# TASK DIRECTIONS
Word for word, copy out the data below, omitting pictures.

# GIVEN DATA
-- Opening Marker --

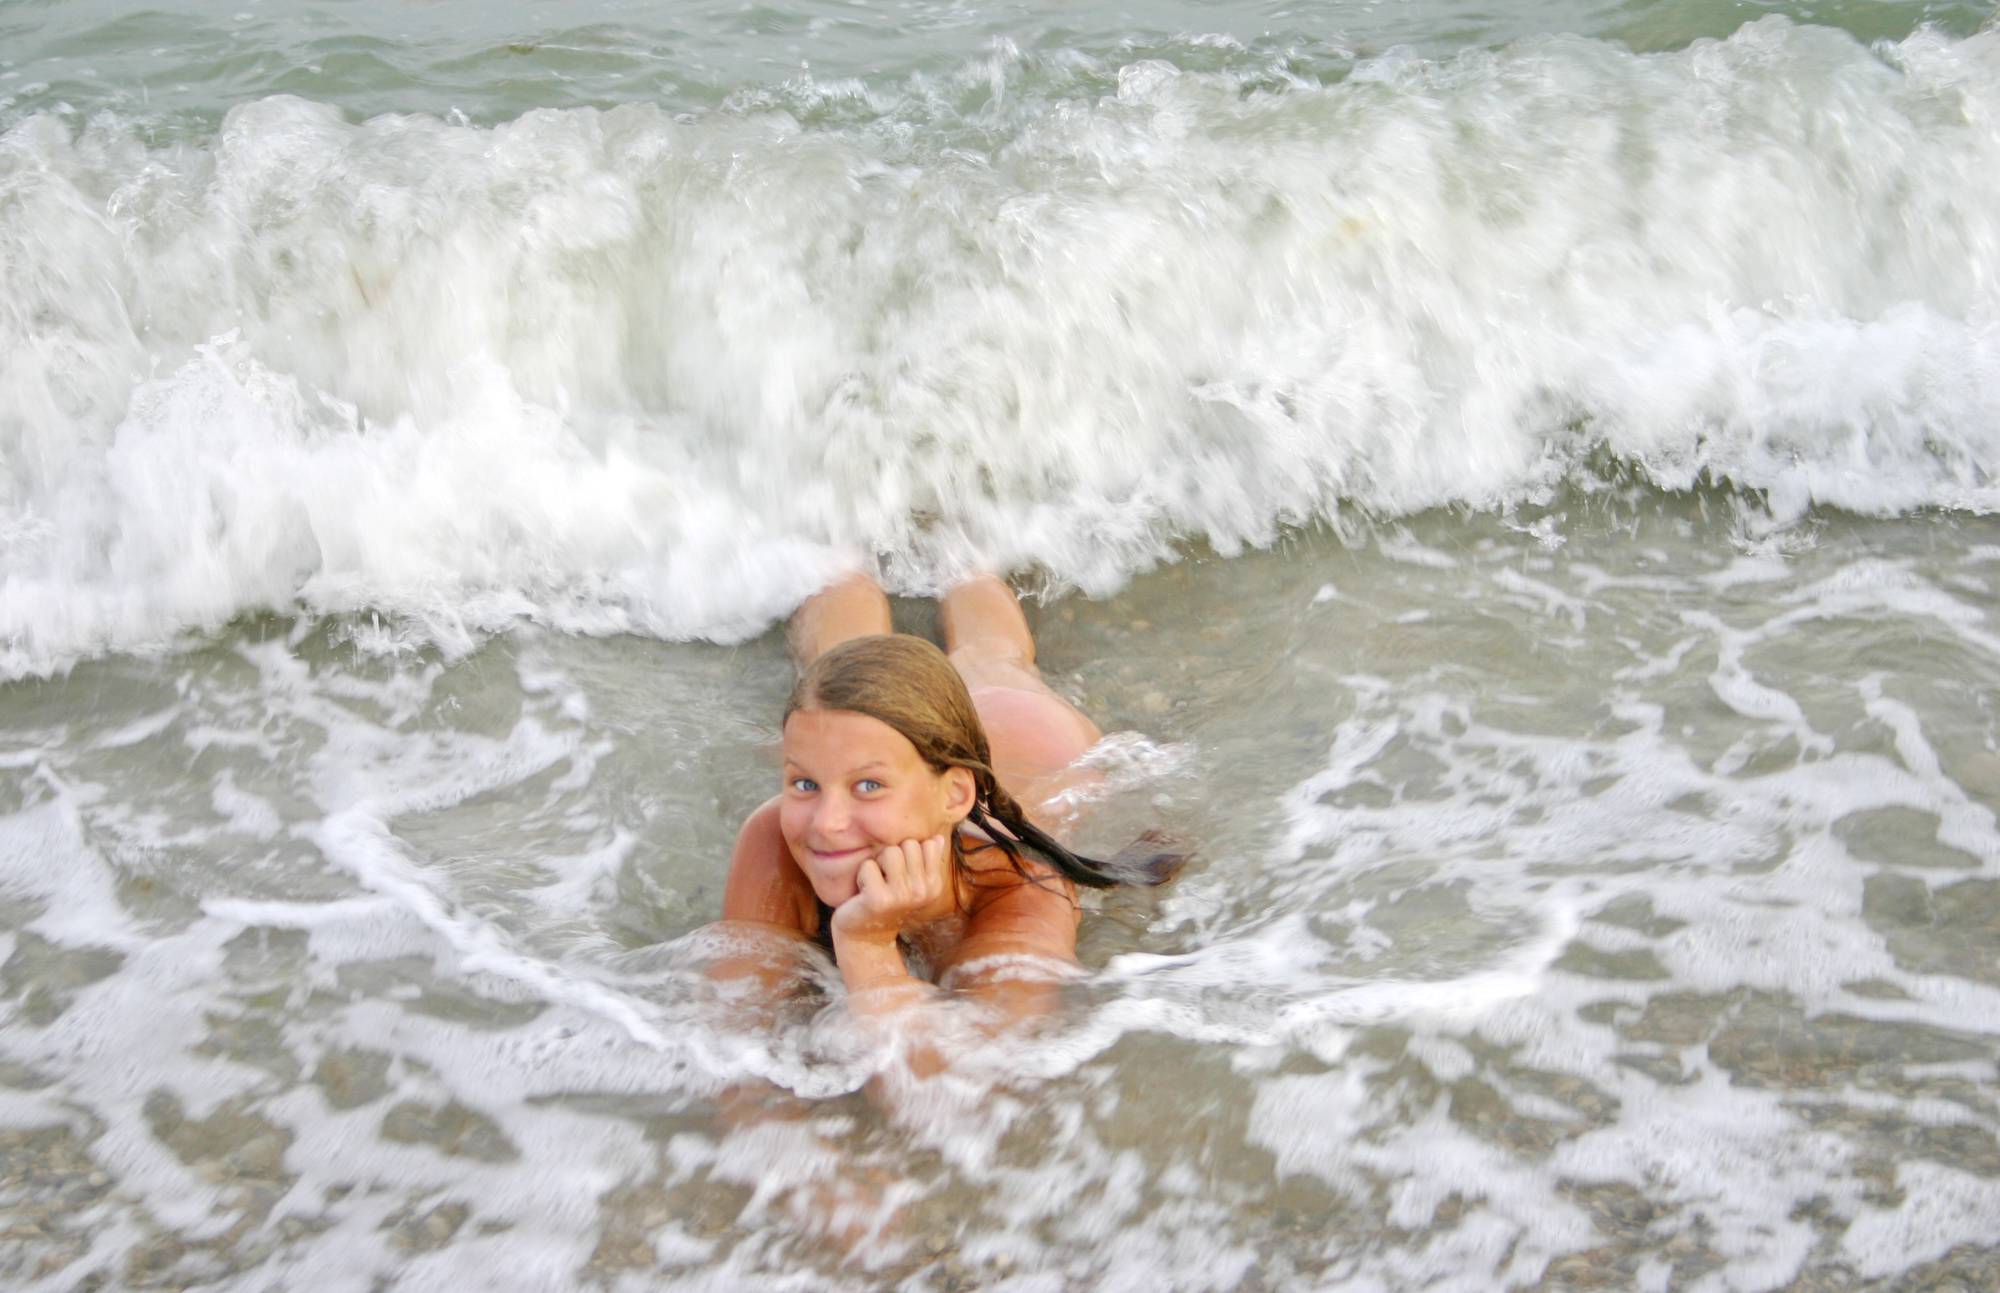 Pure Nudism Photos - Low Splashes in the Wave - 2
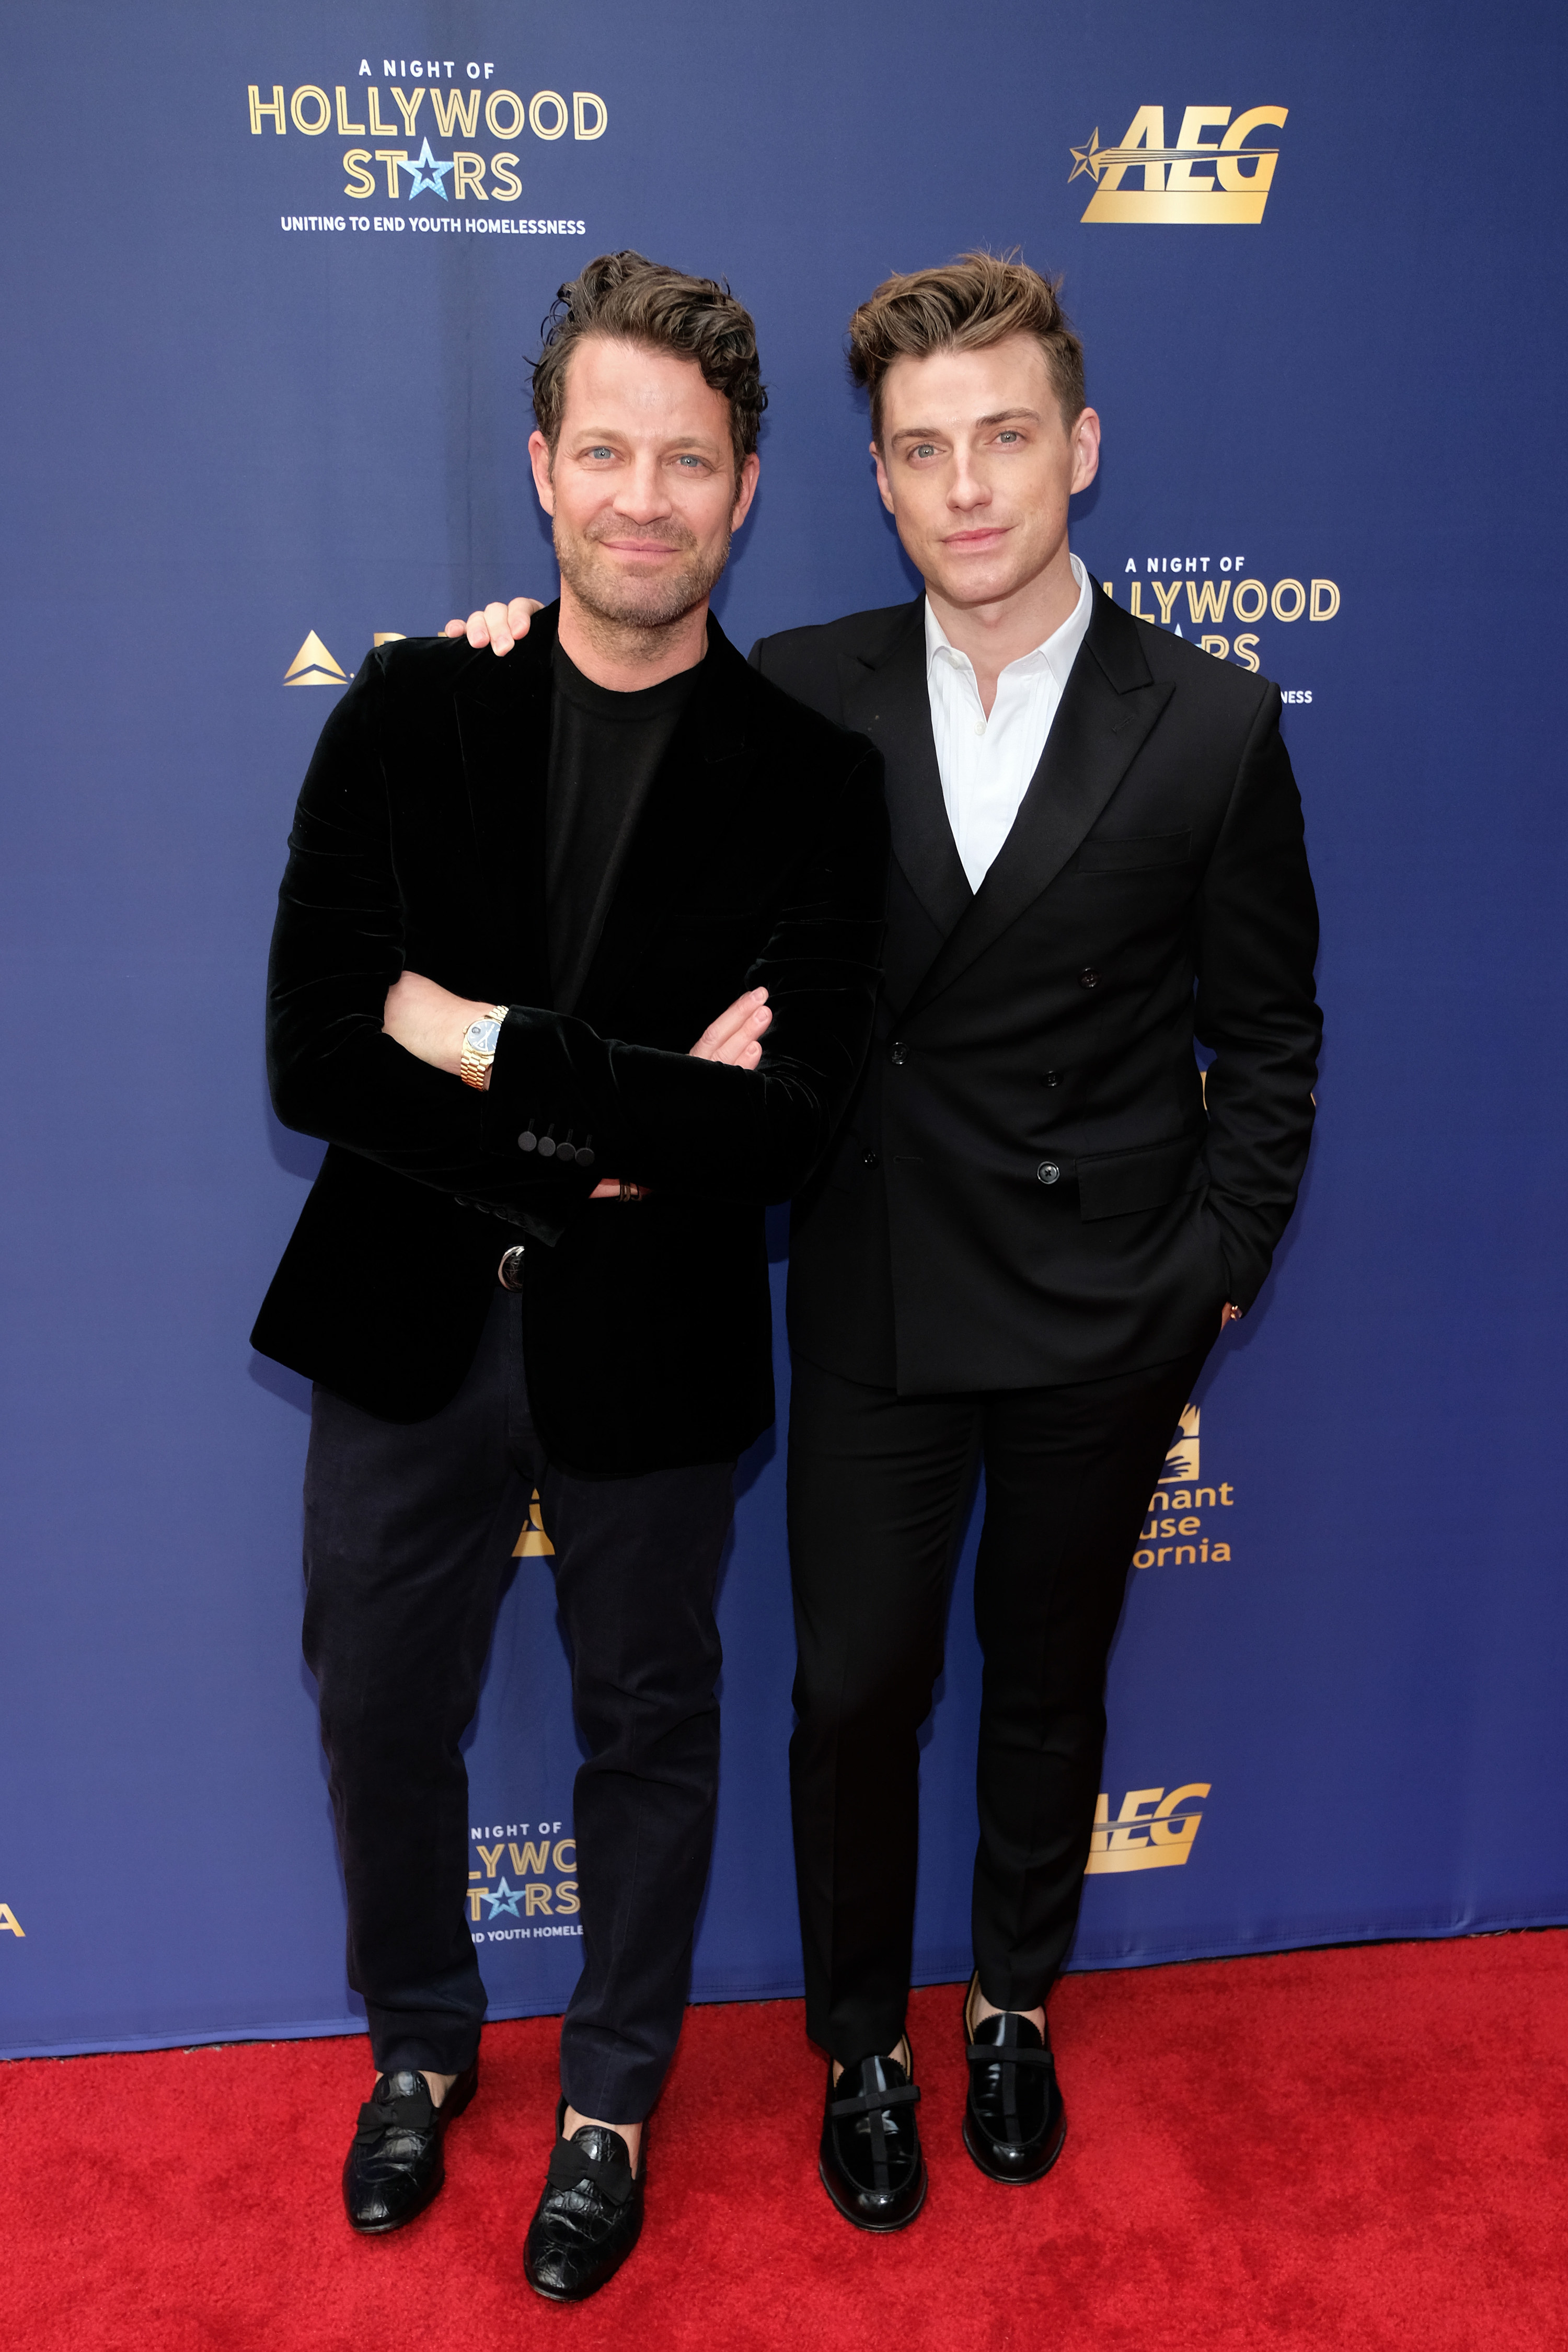 Nate Berkus and Jeremiah Brent on the red carpet
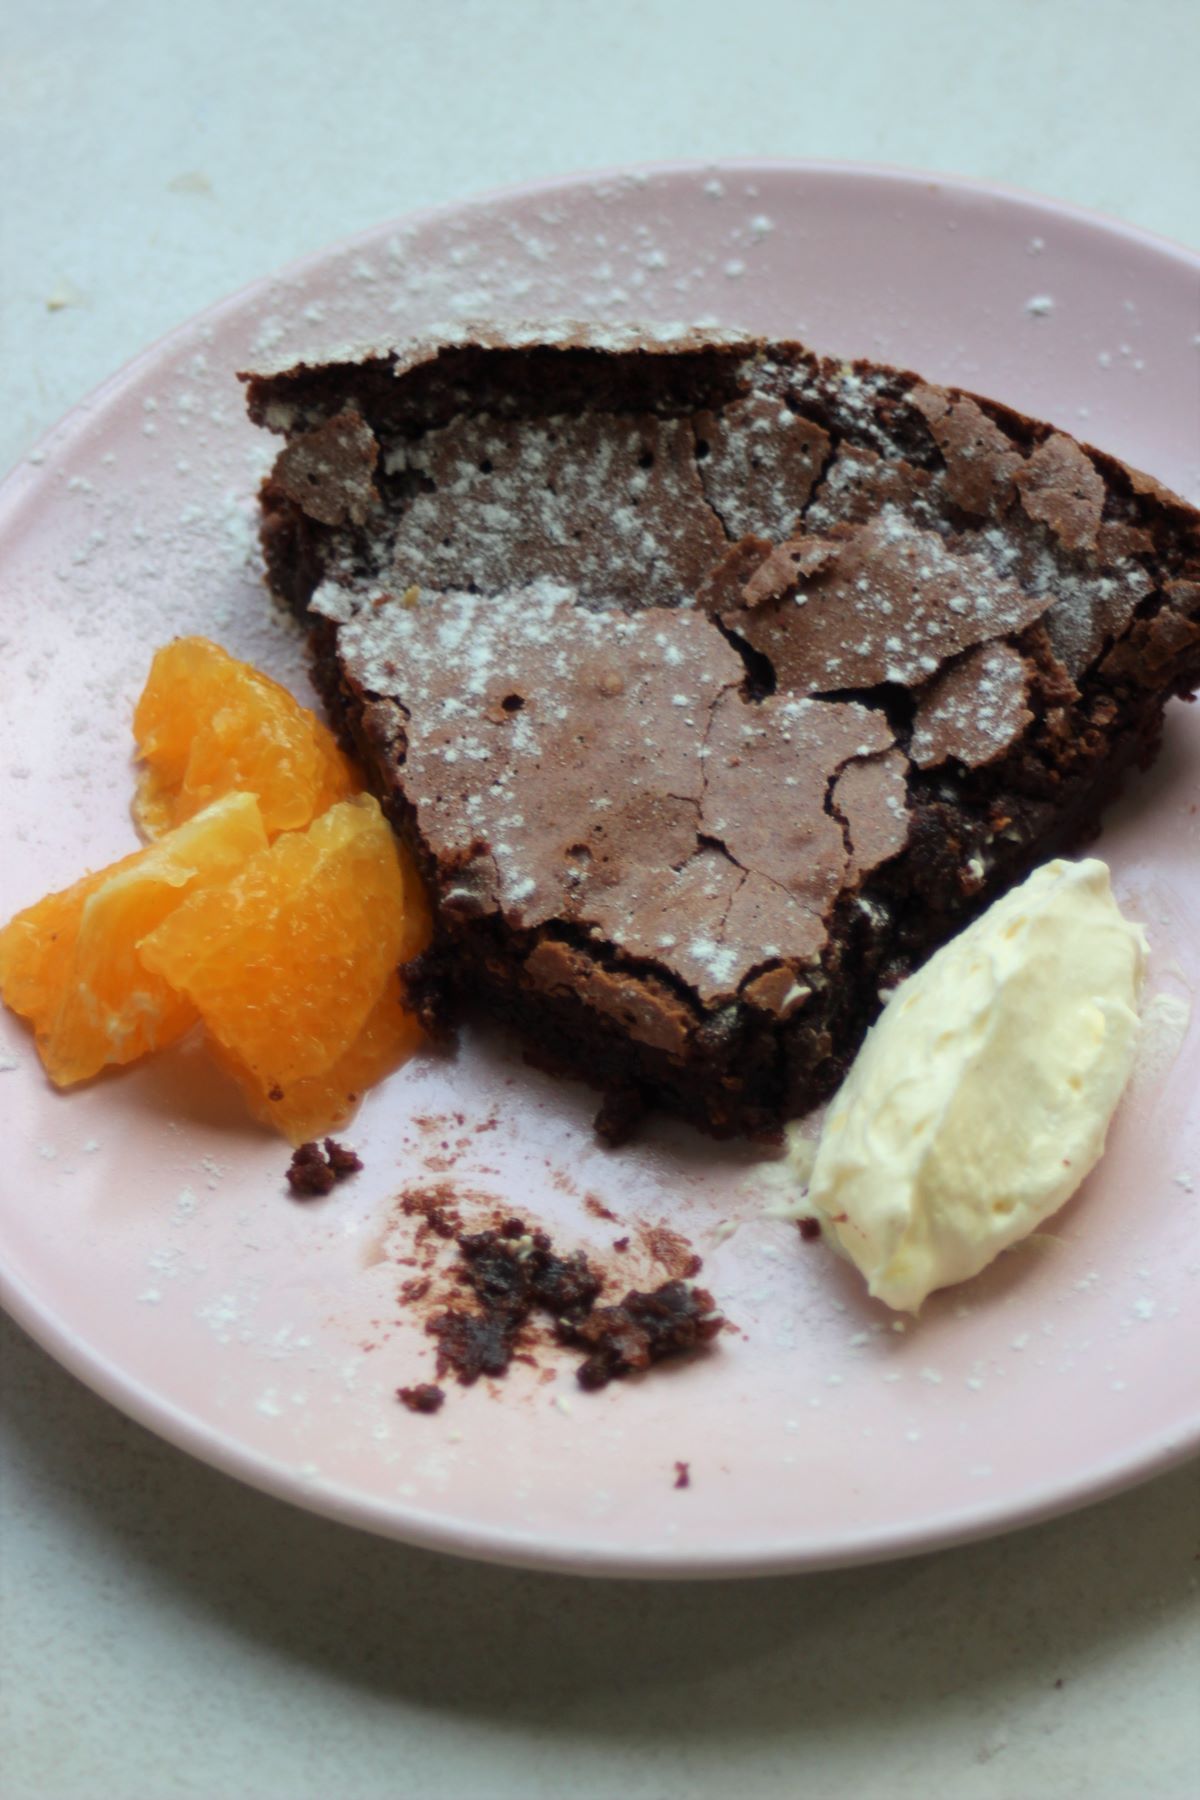 Portion of chocolate cake, without a piece, with oranges slices and whipped cream on a plate.

-- Closing Marker --

# TASK SOLUTION
 Pure Nudism Photos - Low Splashes in the Wave - 2
 Nate Berkus and Jeremiah Brent on the red carpet
 Portion of chocolate cake, without a piece, with oranges slices and whipped cream on a plate.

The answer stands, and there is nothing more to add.